# Converting Space Marines to Grey Knights?



## DoctorNecrosis (Jun 8, 2012)

Any ideas how to change an already painted Space Marine squad into a Grey Knight squad, different chest plates, helmets and wrist mounted bolters


----------



## bitsandkits (Mar 18, 2008)

depends on how much you want to spend and how close you want them to look like grey knight, the cheapest way would just be to repaint them silver/grey. but converting plastic painted models is not an easy road to go down.
First i would say strip the paint off and try and break them apart to make it easier, but if you have used plastic cement then it will be very difficult to seperate the bits.
then i would pop along to your local bits supplier and buy the grey knight bits you will need but to be honest you might be better just buying a kit and starting fresh considering the amount of effort , cost of bits and uncertain result.


----------



## allisalie (Dec 10, 2010)

I think conversions are great. Would love to see a cool GK army converted from SM. Thing is it will take a lot of time and effort to make it look good. Some times it's just worth spending the money and buying the models. Do not under estimate how long it will take to do the conversions.
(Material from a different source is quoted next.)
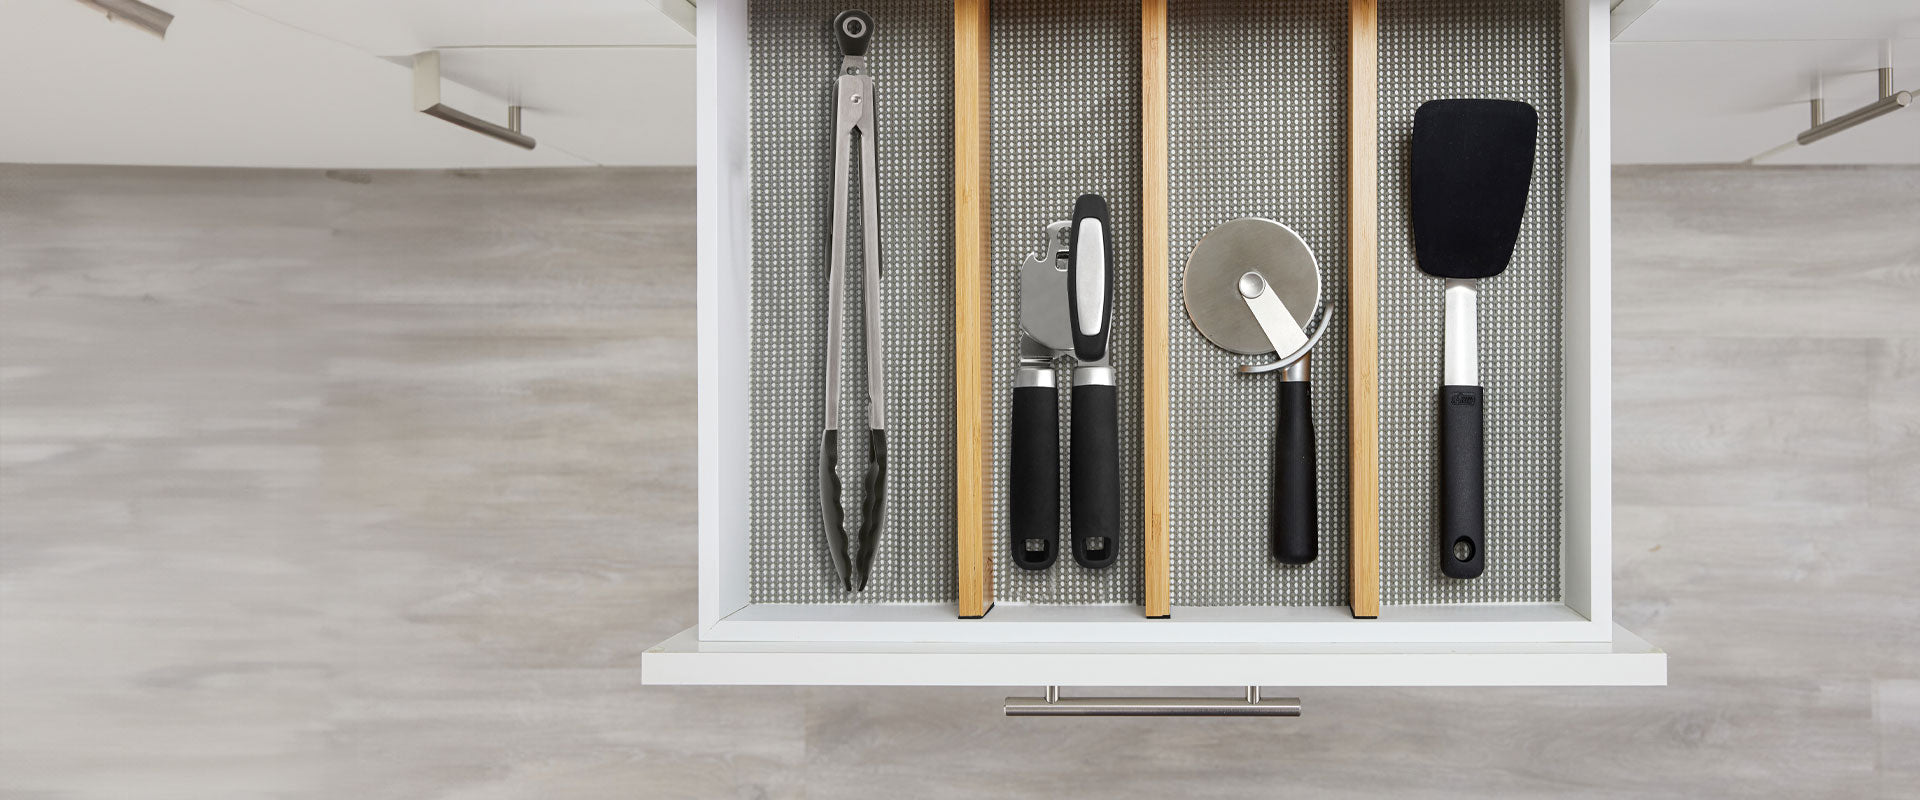 Gorilla Grip Kitchen utensils including the pizza cutter, spatula, tongs, and can opener shown in an open drawer

Easy way as bitsandkits said is just paint it silver. Fine if just planning on playing friendly games I'm sure.


----------



## DoctorNecrosis (Jun 8, 2012)

I guess I'll have to save up then, and then there's my Chaos Army I've just started. Looks like a lottery win is needed!


----------



## dragonkingofthestars (May 3, 2010)

there is a loop hole i think worth putting out.

Plaint you space as the Exorcists (a space marine chapter dedicated to fighting chaos to the point there are subject to possession by a minor denizen of the Warp) and play them as counts as gray knights.


----------



## Magpie_Oz (Jan 16, 2012)

The GK chest plate does fit an SM body, so If you bought Helmets, Chests and storm bolter arms you could do it. 

But honestly buy the time you pull all that together from bits you're probably better off just buying a GK kit outright.

Of course you could just do the bolter arms and there are always plenty of them left over. 

What do you ultimately want them to look like, arms, weapons etc?
If you just want arms and flachions I'd be happy to mail you some I have crap tonnes.

You could check with Mr B.a. Kits for the chests.


----------